## Your instructions
Copy exactly the lines of the material below that fall between the line with "2020 Mazda3 Hatchback" and the line with "rainbow lip balm", both of those lines included; pictures stay out.

## Extracted material
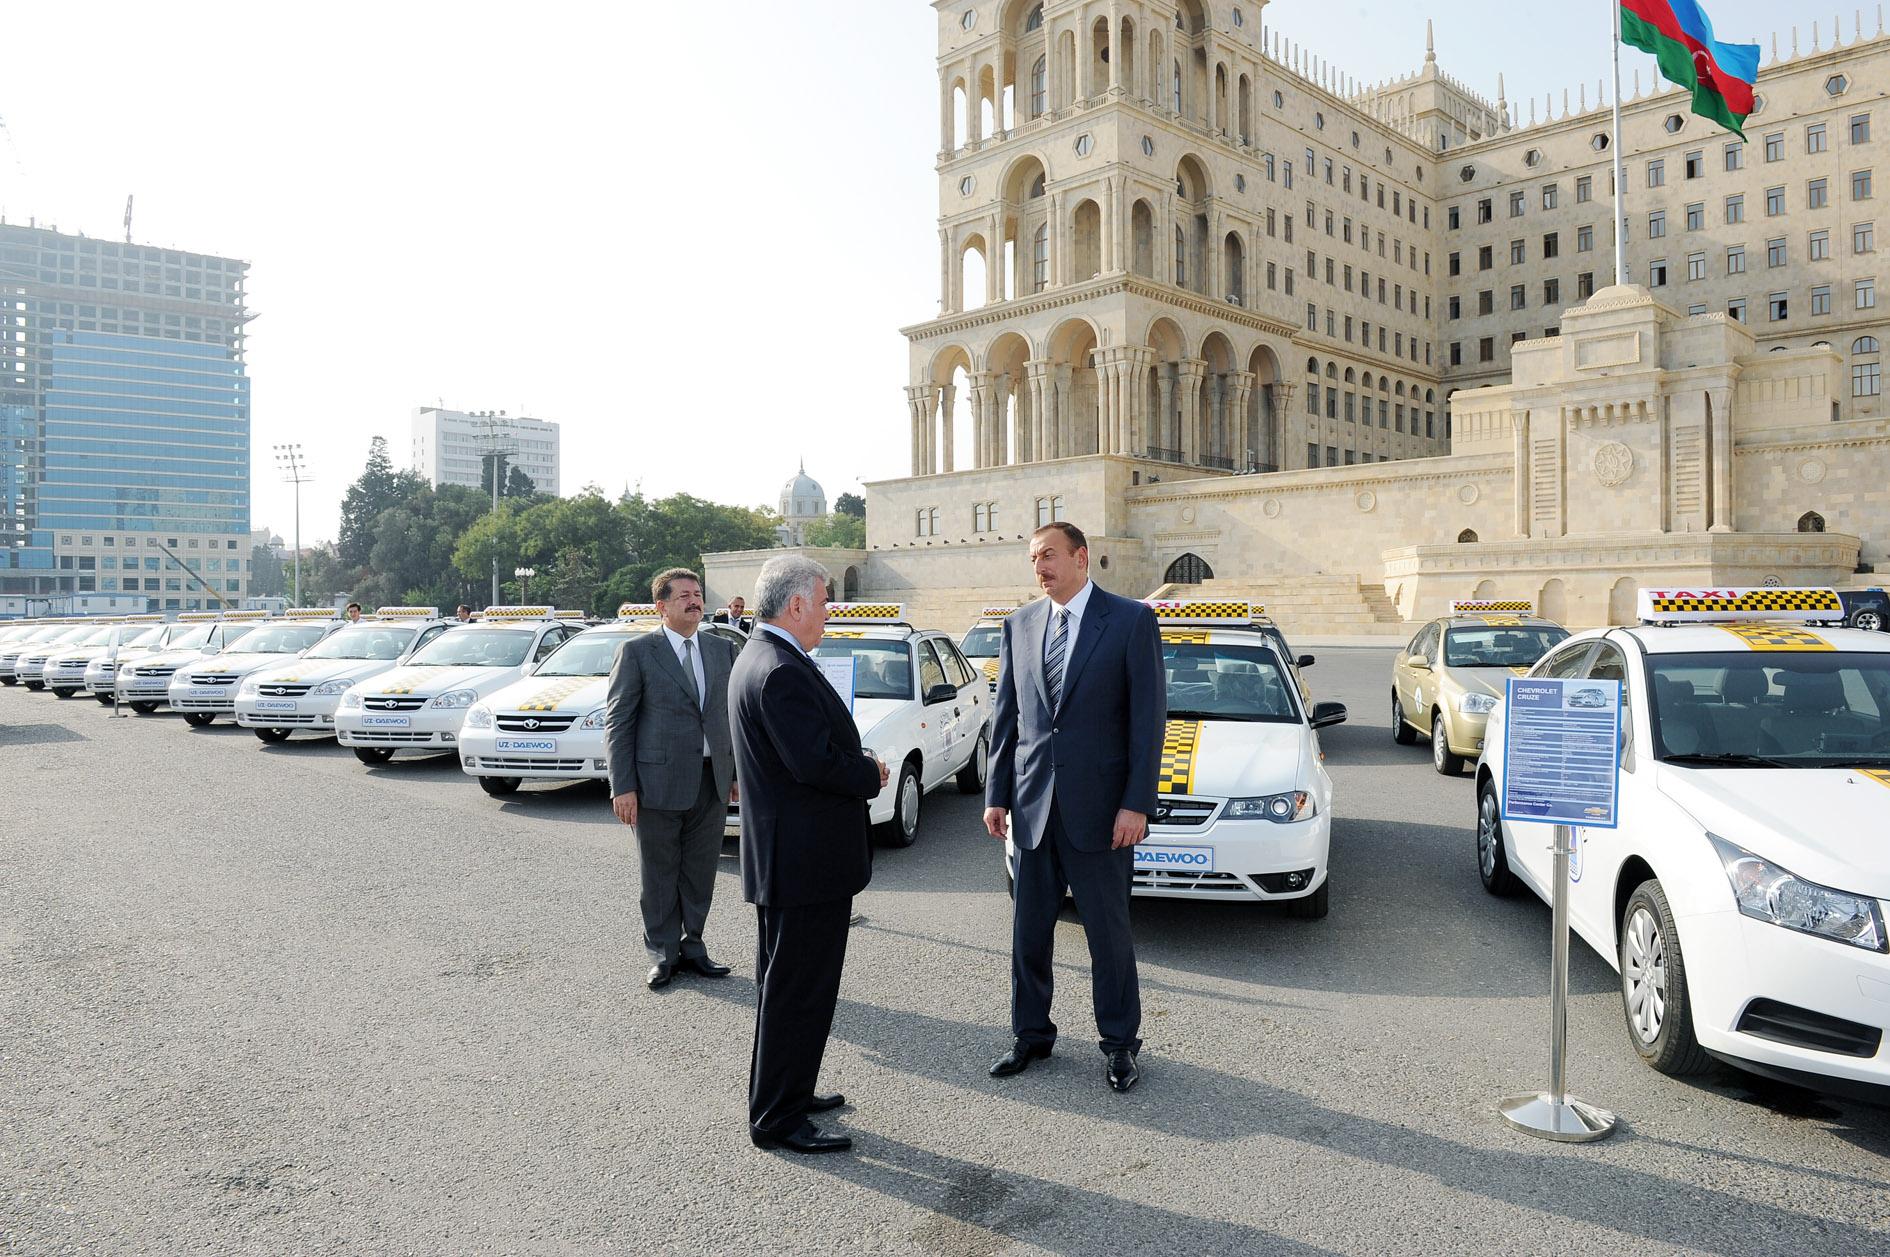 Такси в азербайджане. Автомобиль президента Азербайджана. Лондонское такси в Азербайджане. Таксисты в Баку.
==
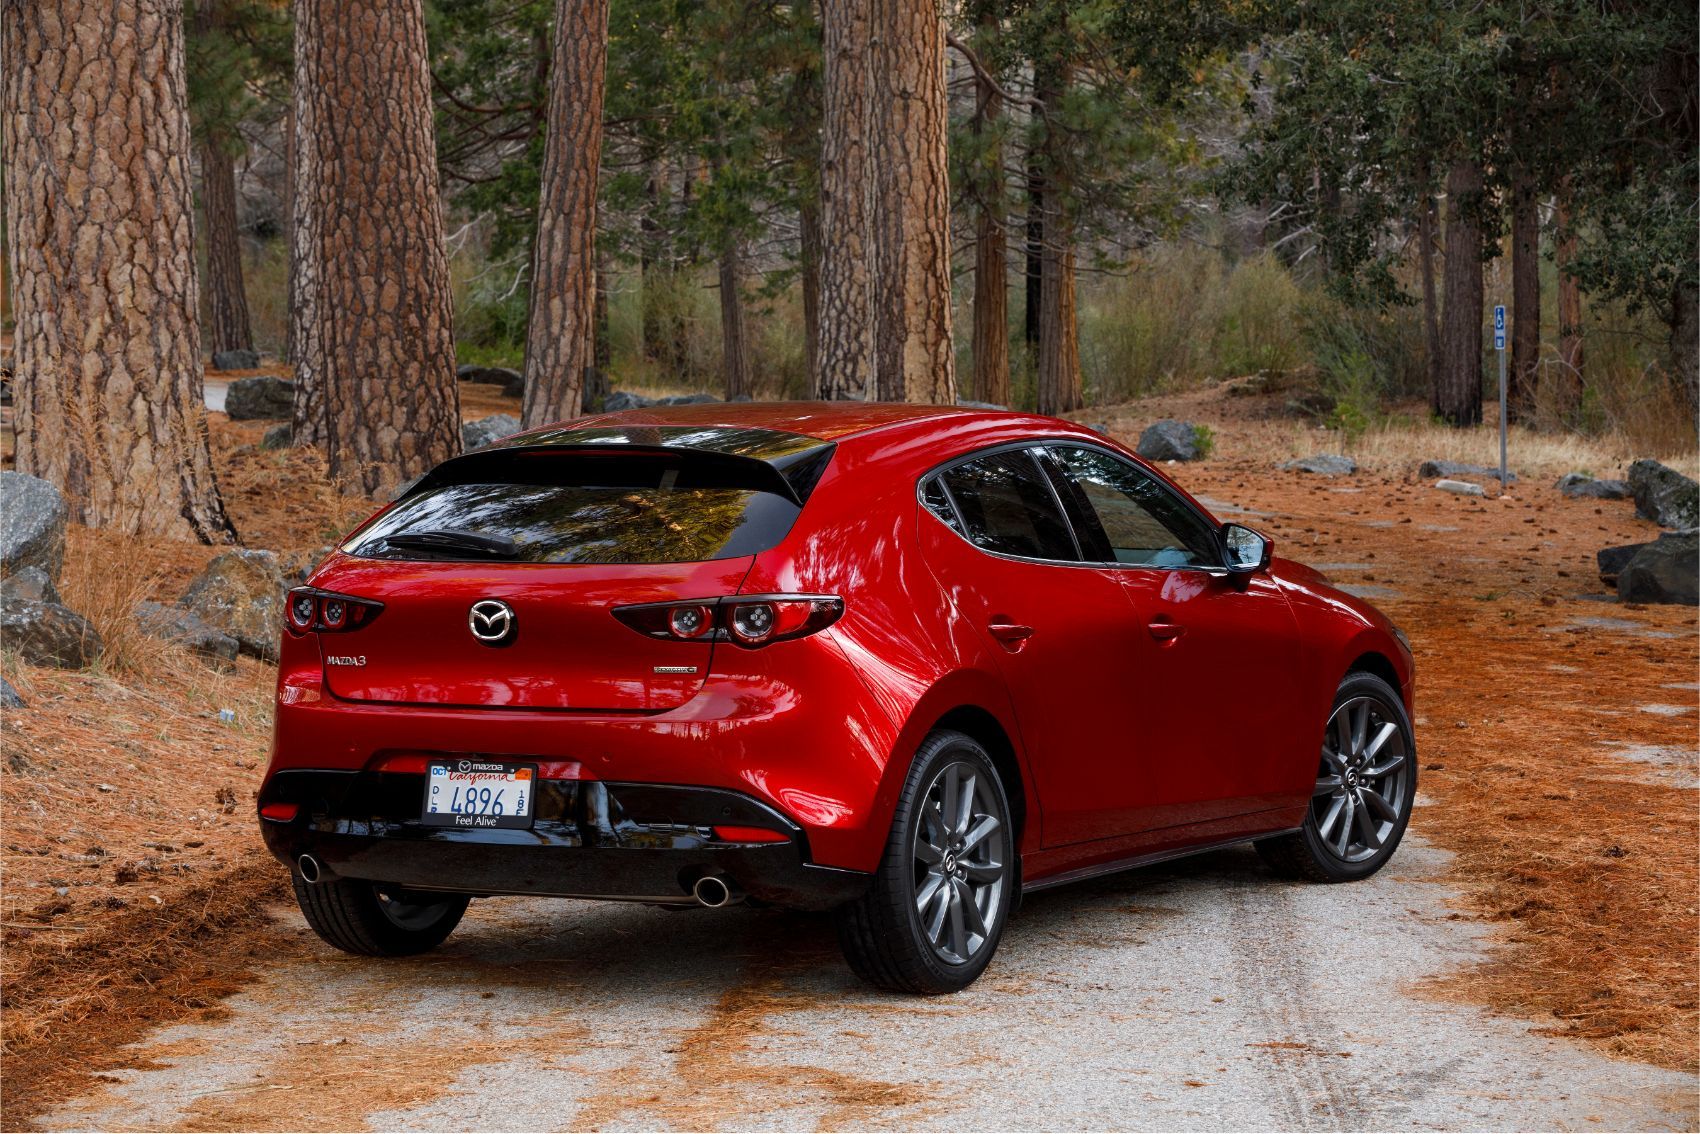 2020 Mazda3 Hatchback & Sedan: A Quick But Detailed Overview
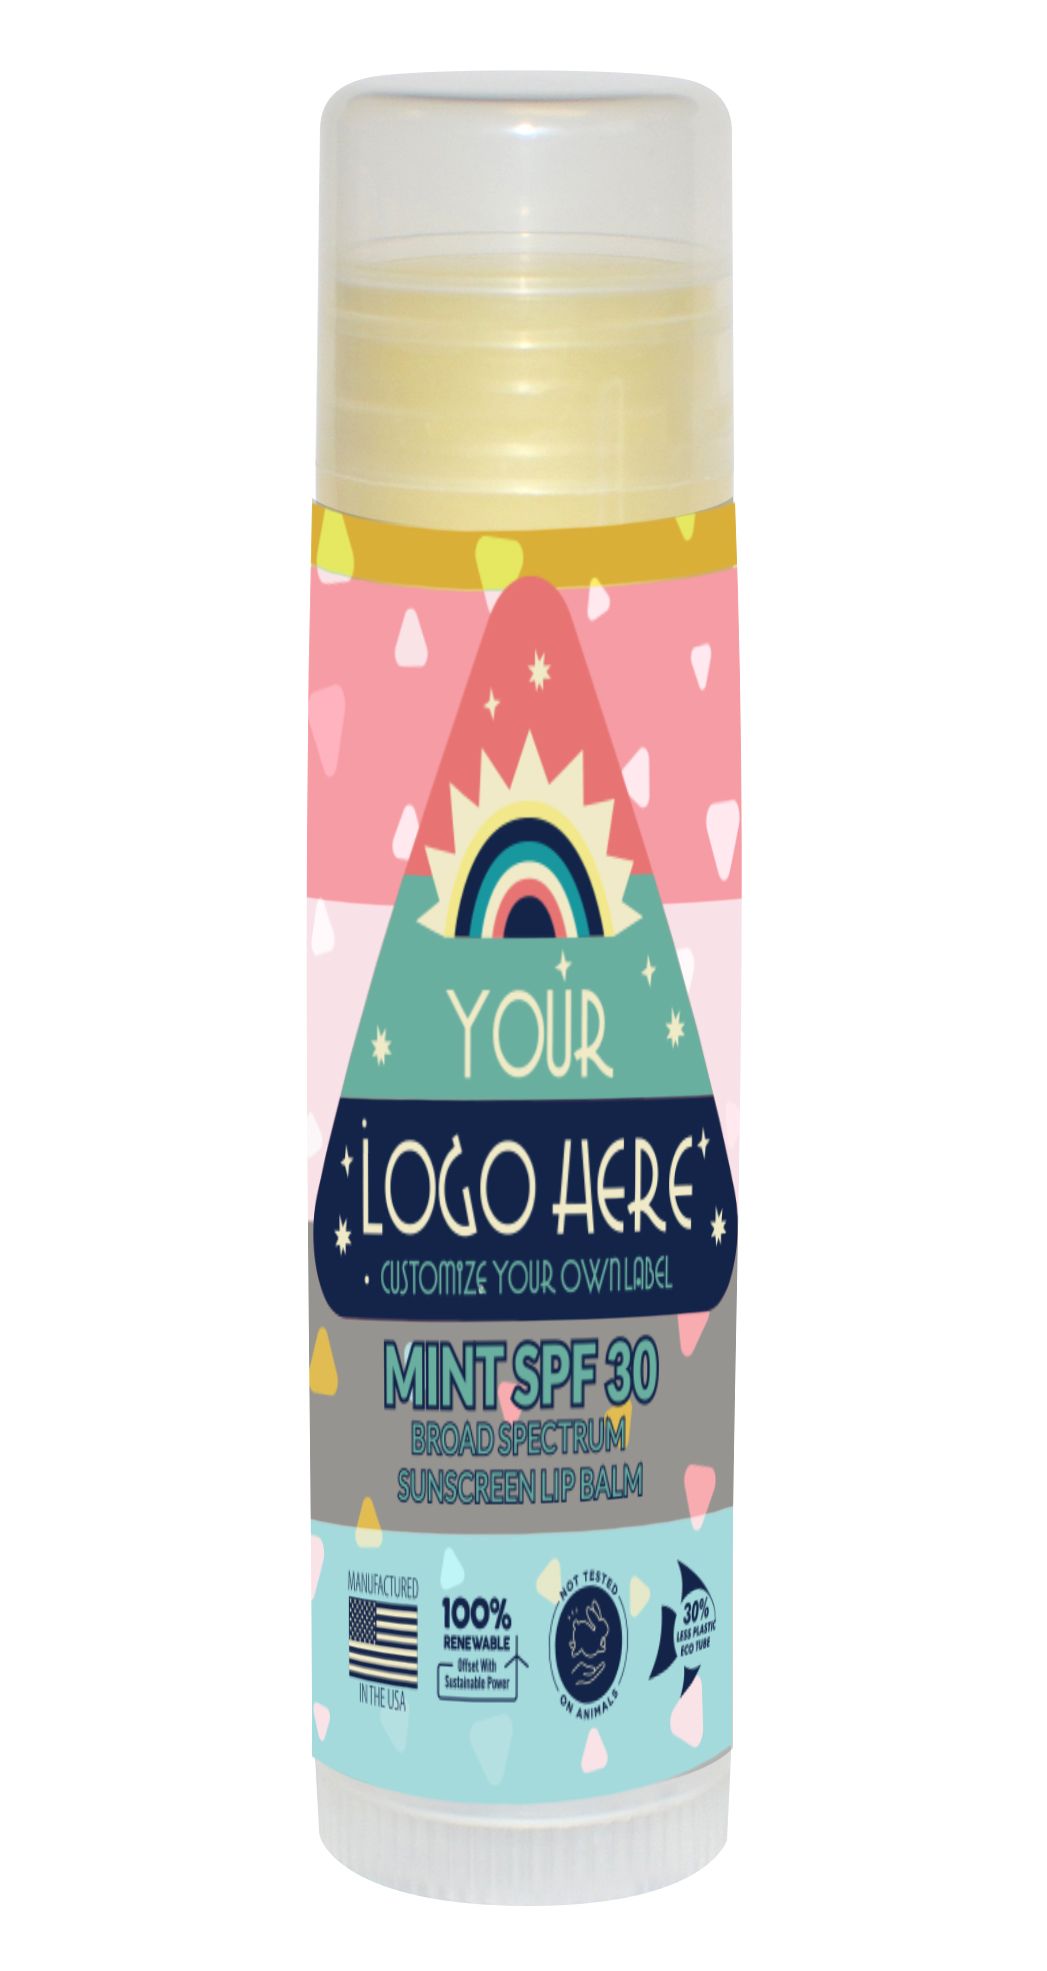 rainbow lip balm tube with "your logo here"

## Answer section
 2020 Mazda3 Hatchback & Sedan: A Quick But Detailed Overview
 rainbow lip balm tube with "your logo here"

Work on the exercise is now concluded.